::: Recorded data

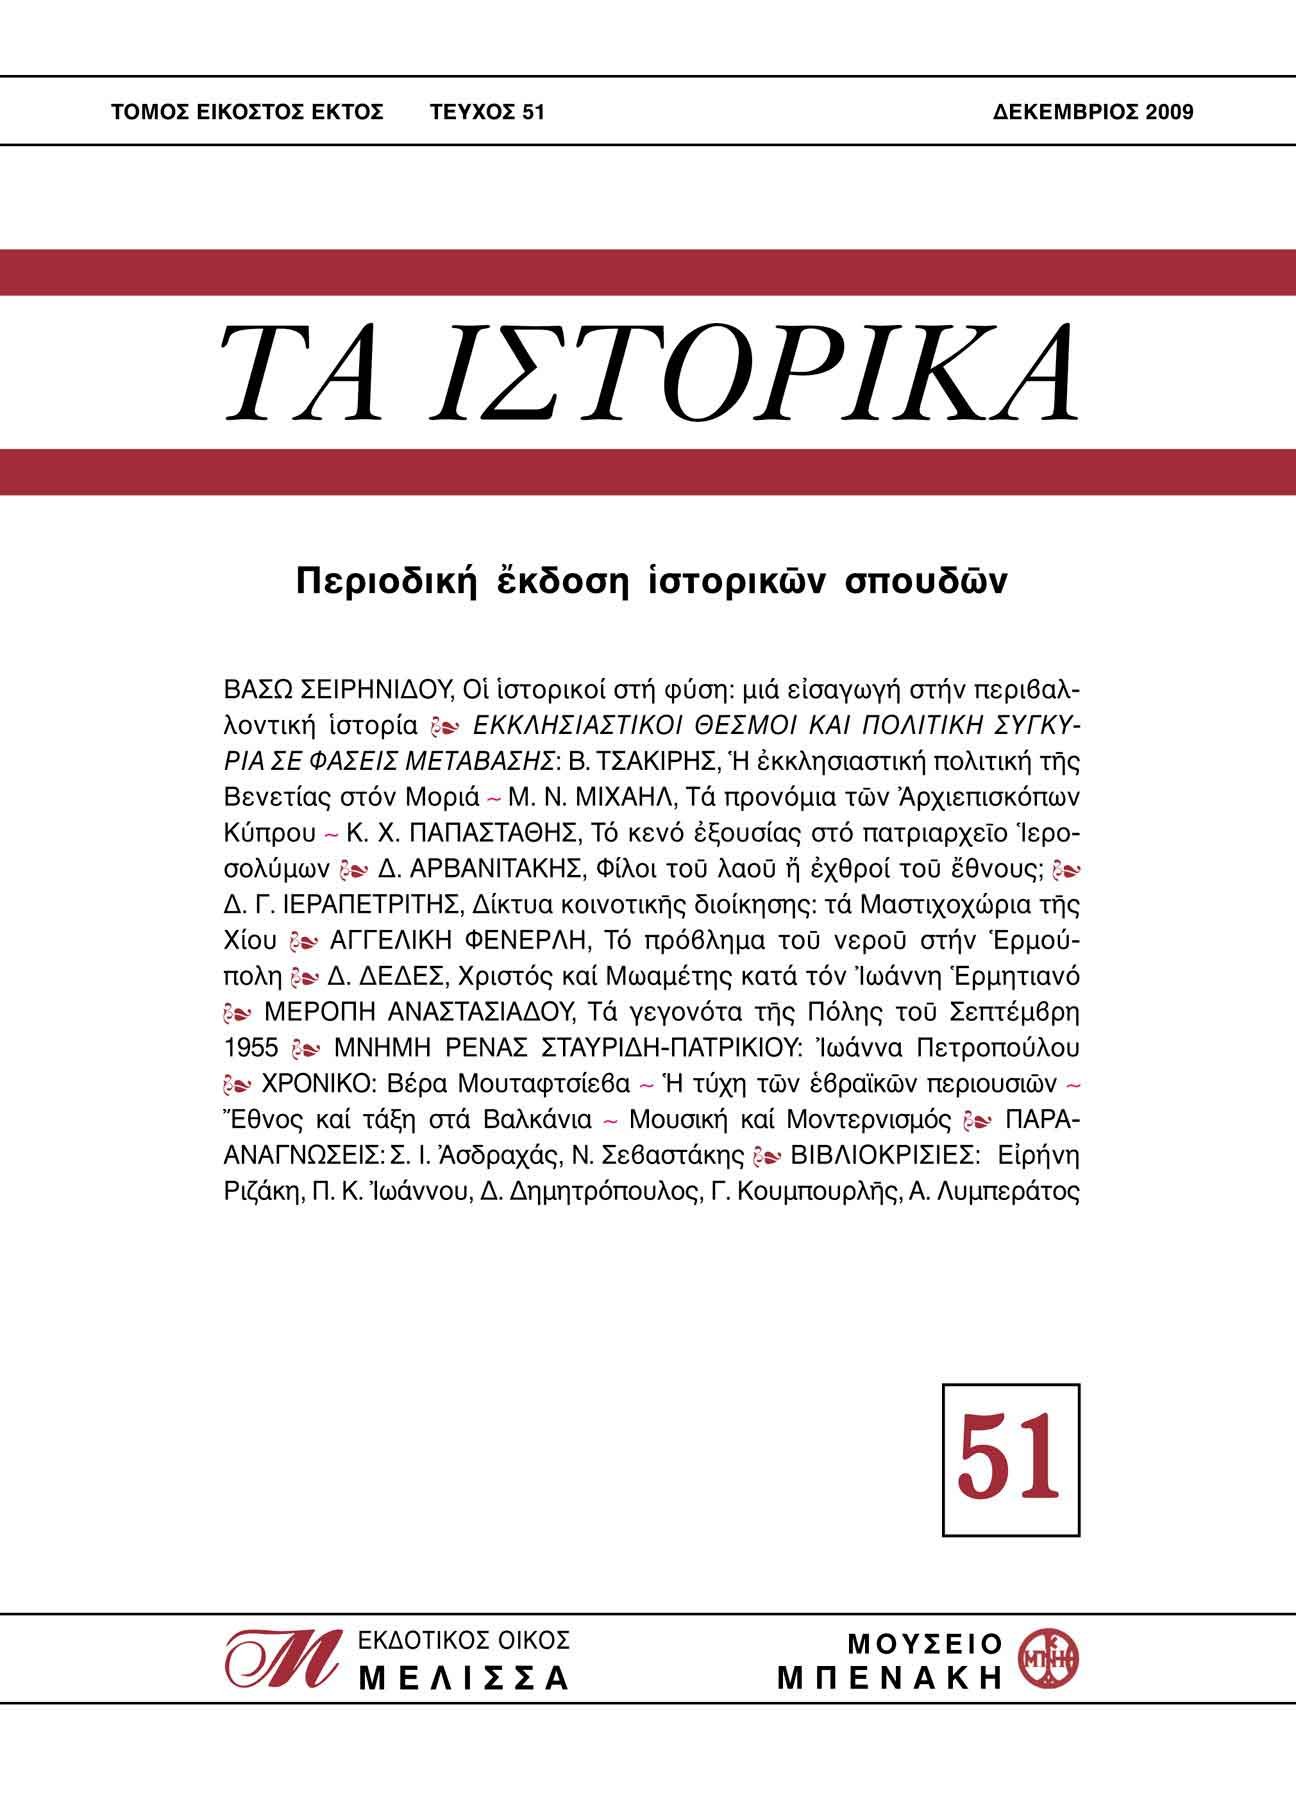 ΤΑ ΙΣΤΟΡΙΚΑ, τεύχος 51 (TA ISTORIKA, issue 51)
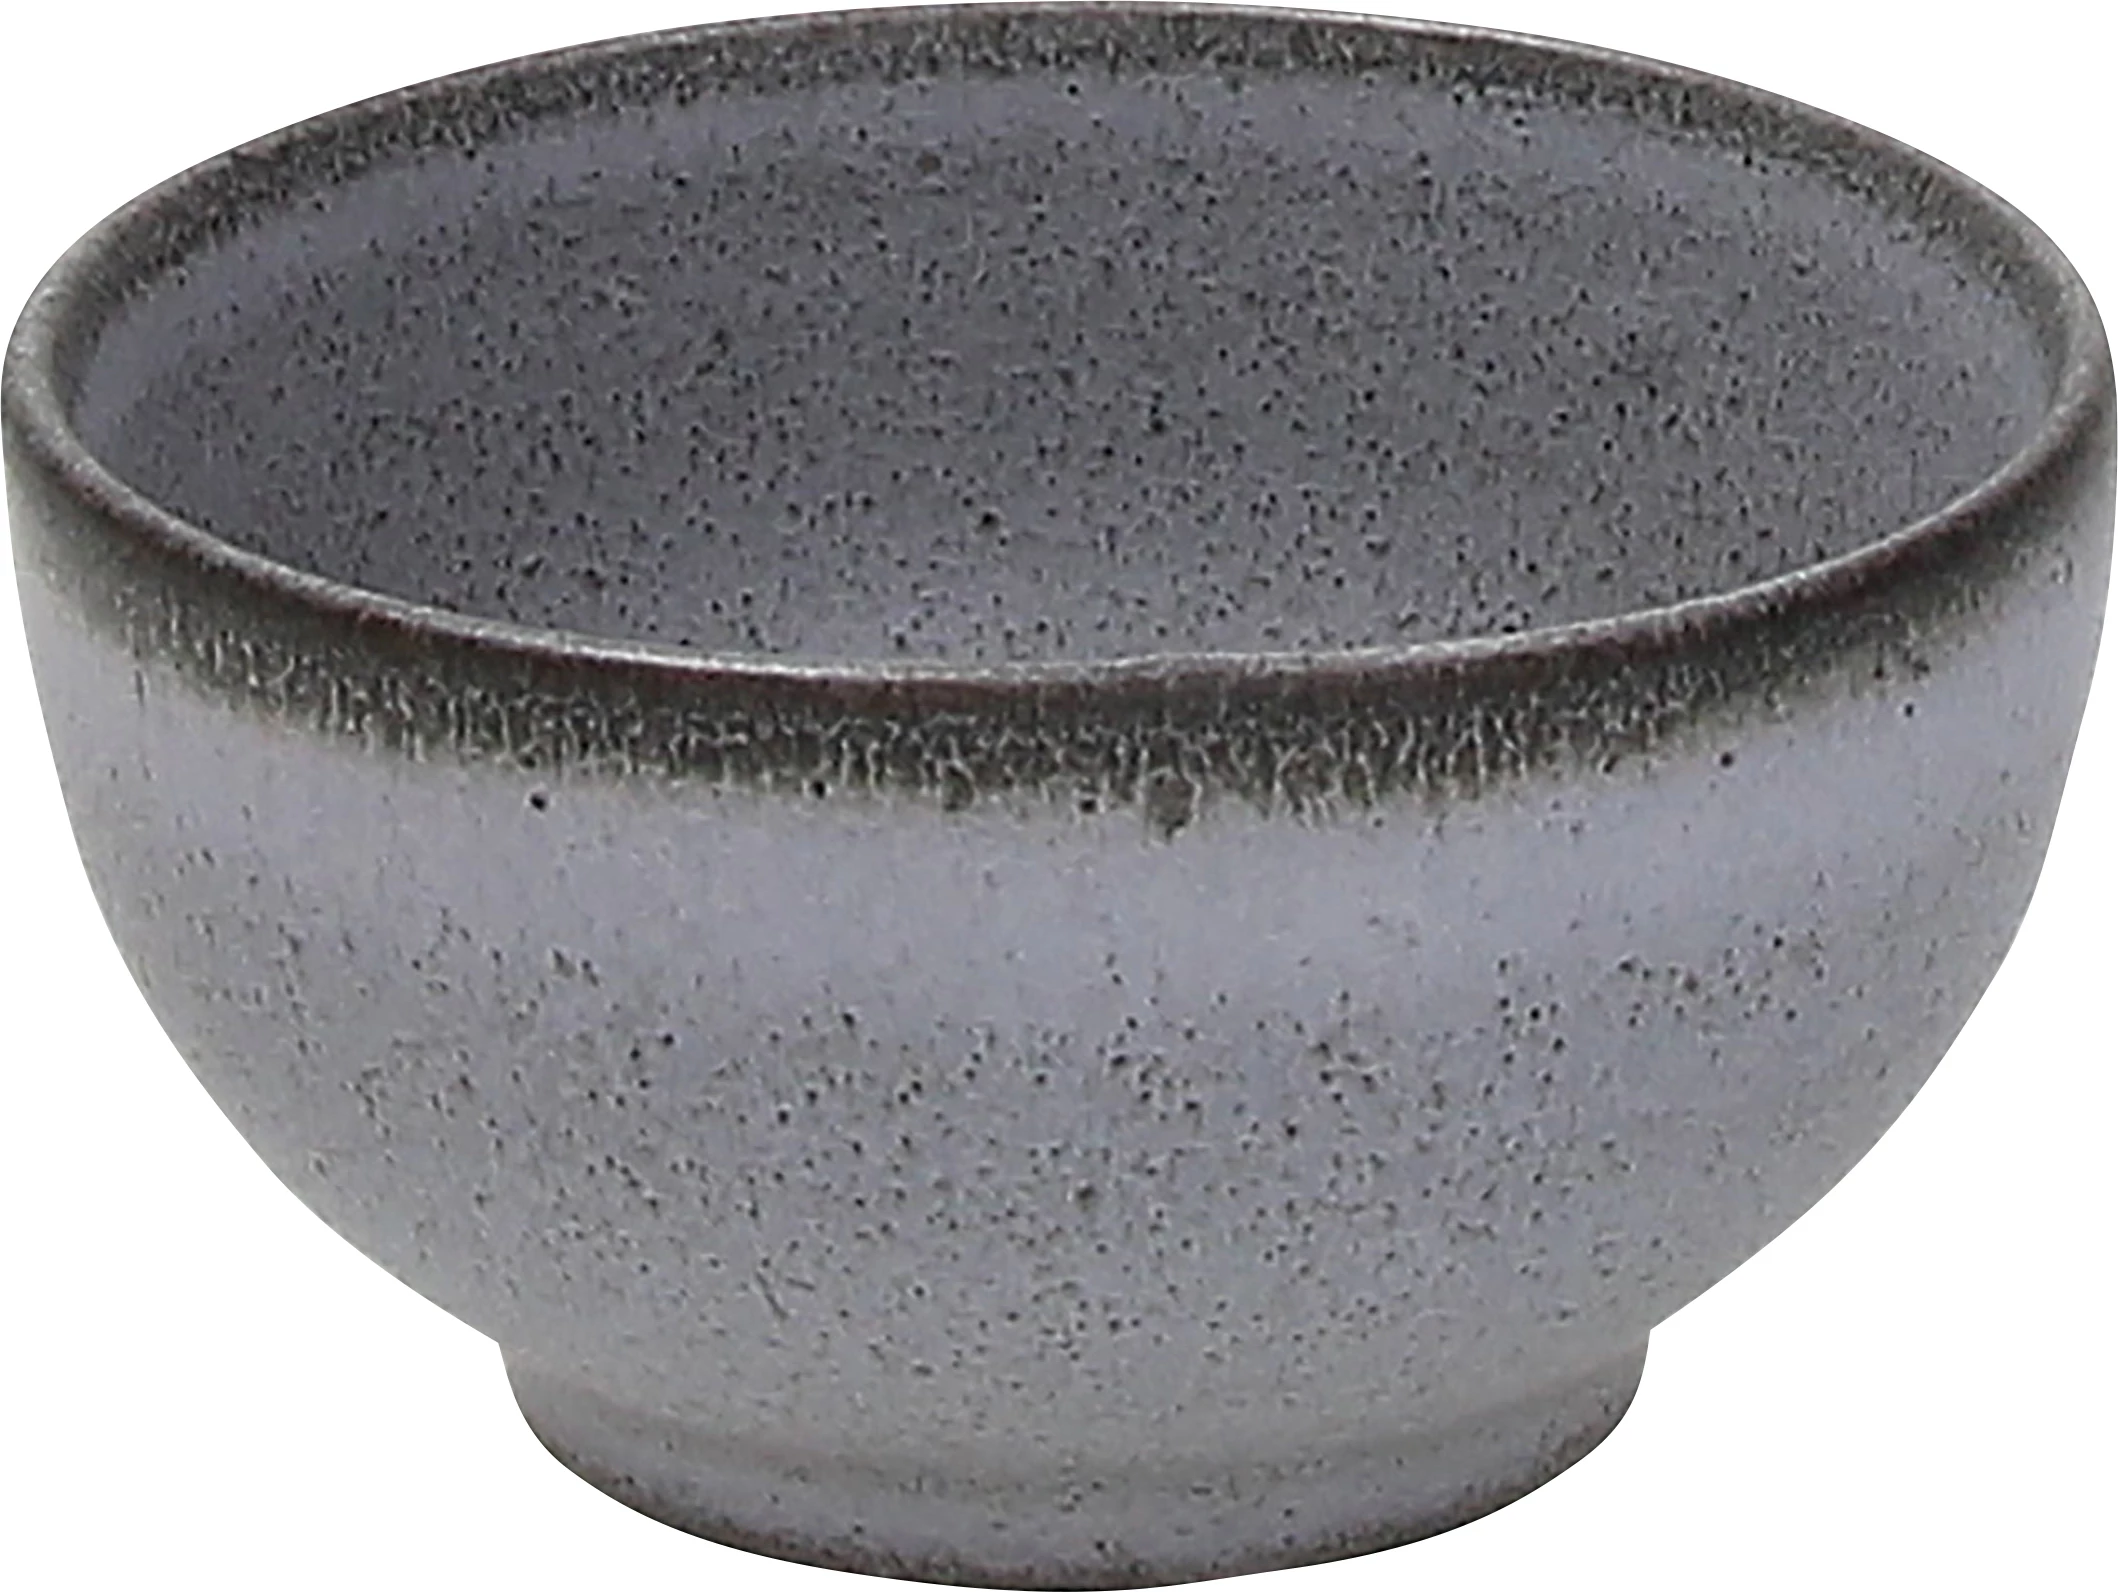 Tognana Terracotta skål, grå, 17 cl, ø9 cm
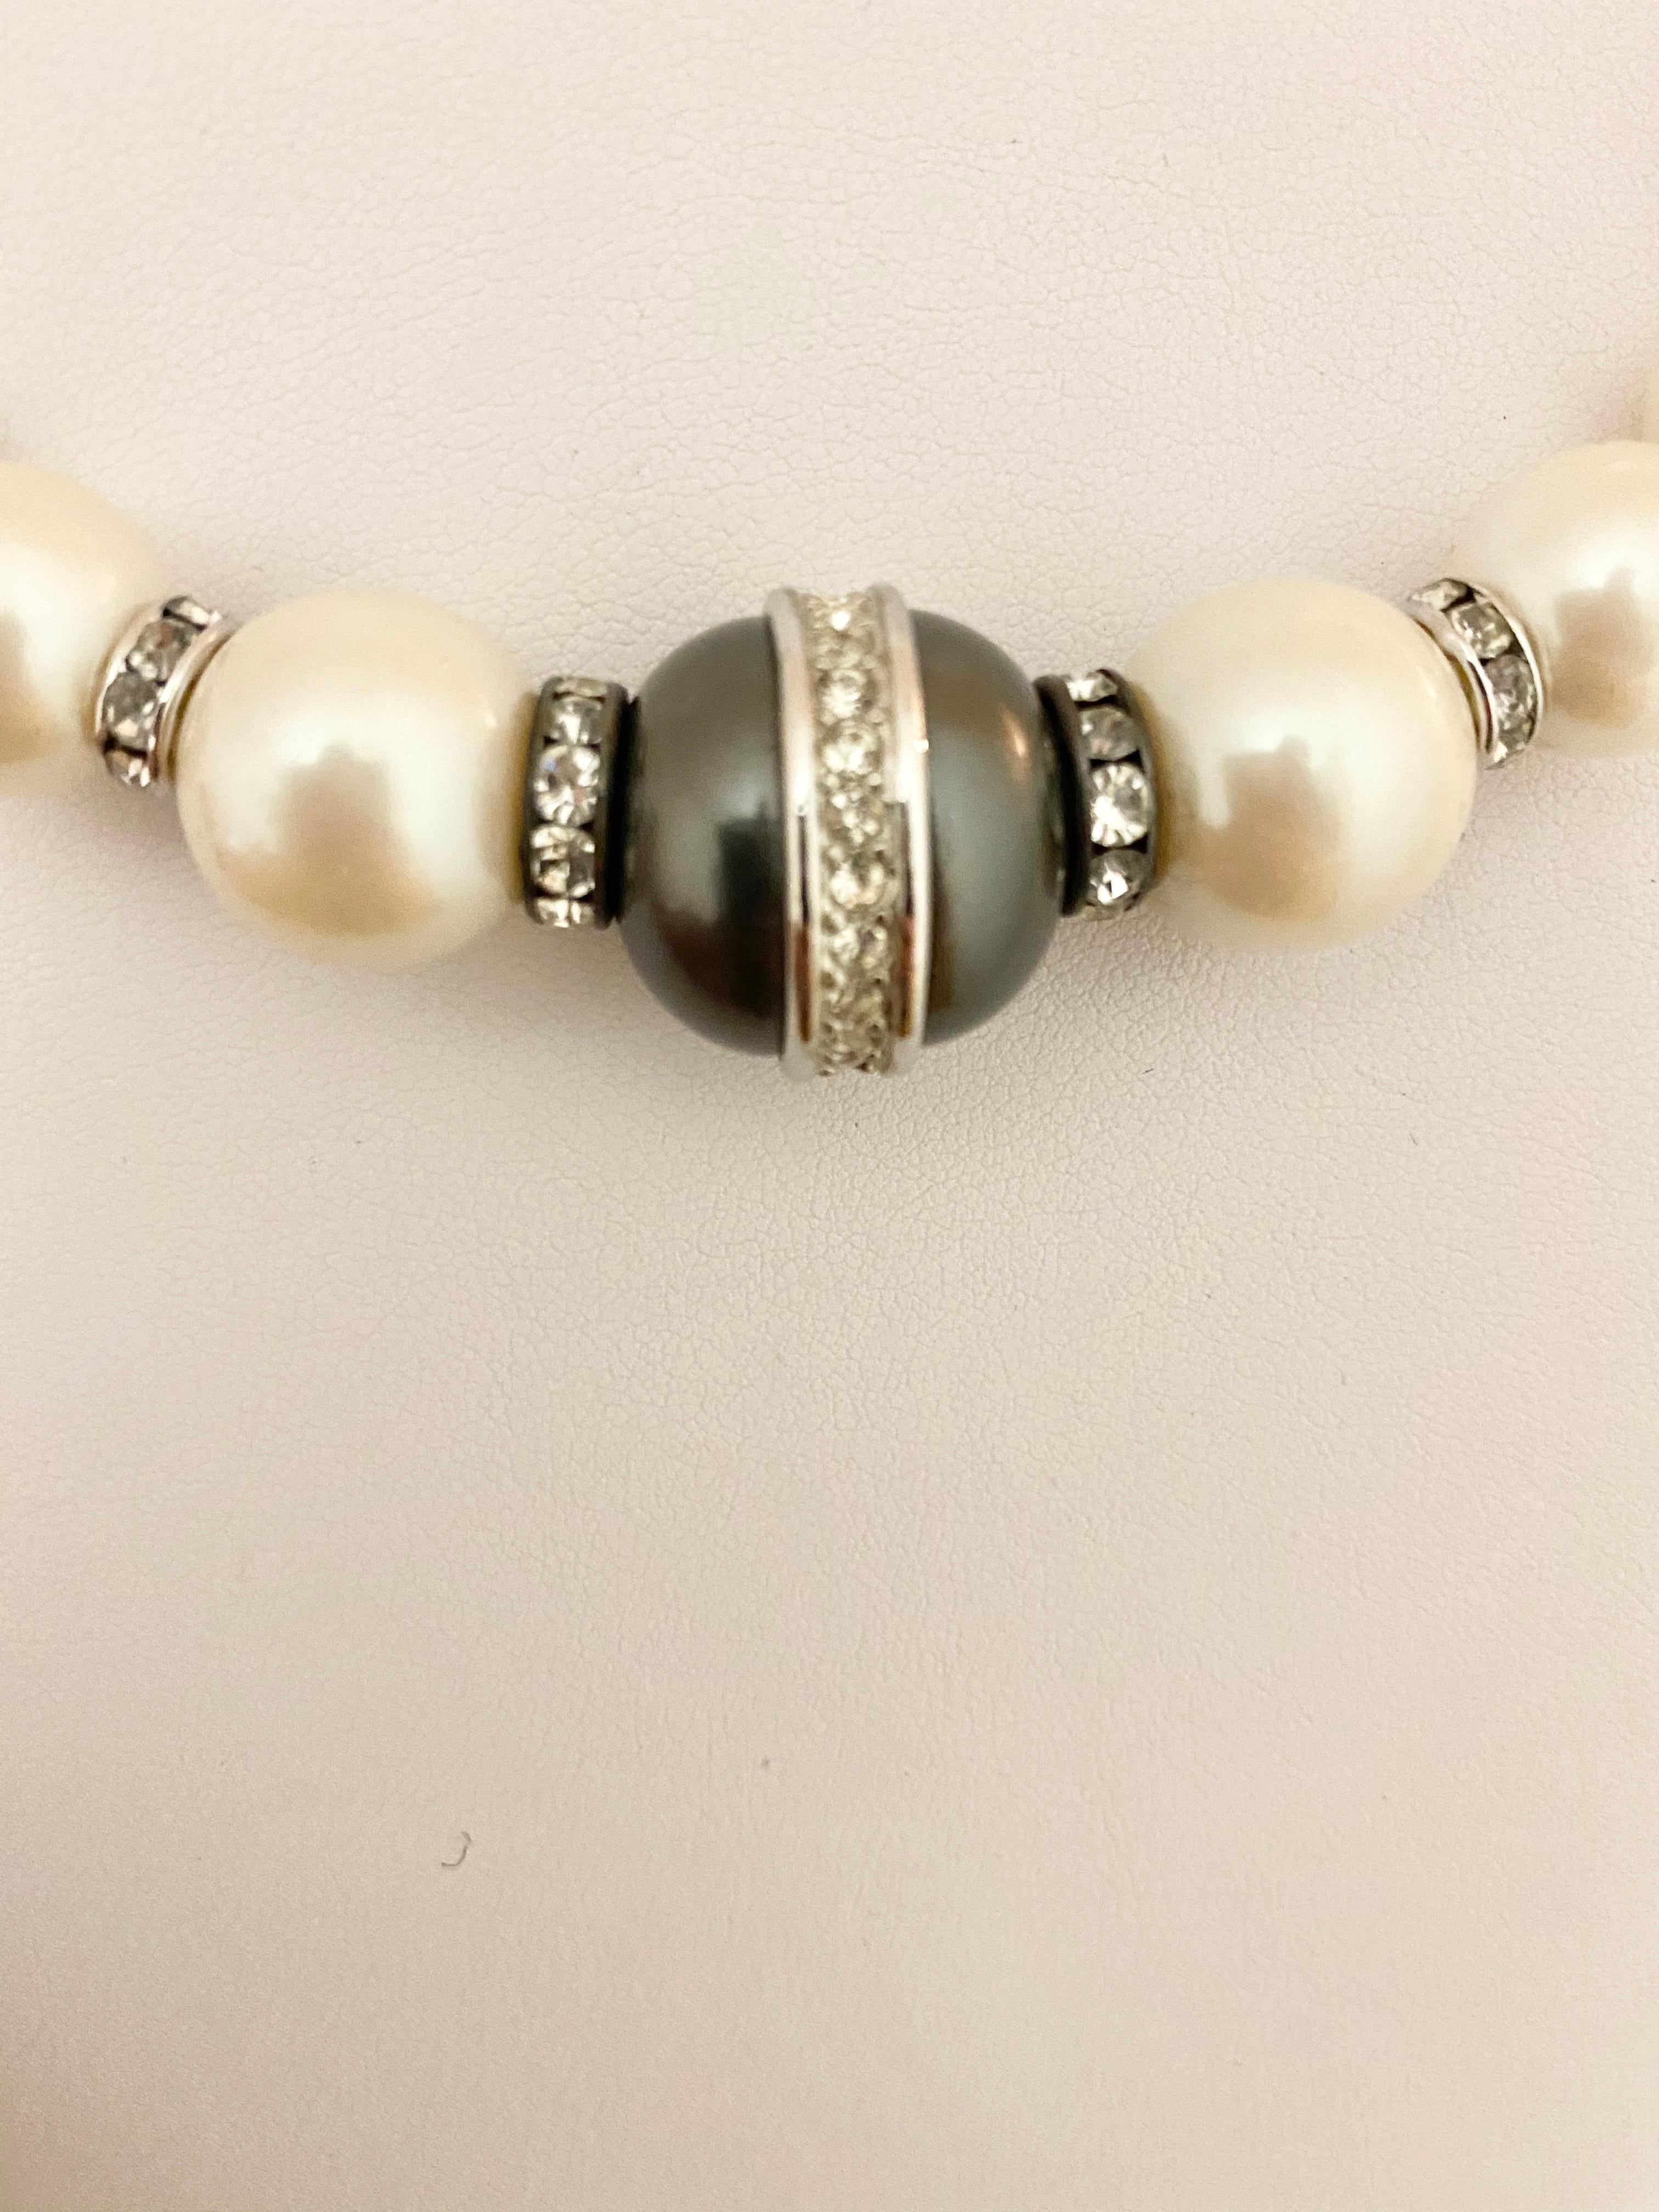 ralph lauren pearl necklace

::::::

> Work request:
From the line containing "Tognana Terracotta skål, grå, 17 cl, ø9 cm" down to the last line of the data above, transcribe exactly those lines and no others; omit the pictures.

> Reply:
 Tognana Terracotta skål, grå, 17 cl, ø9 cm
 ralph lauren pearl necklace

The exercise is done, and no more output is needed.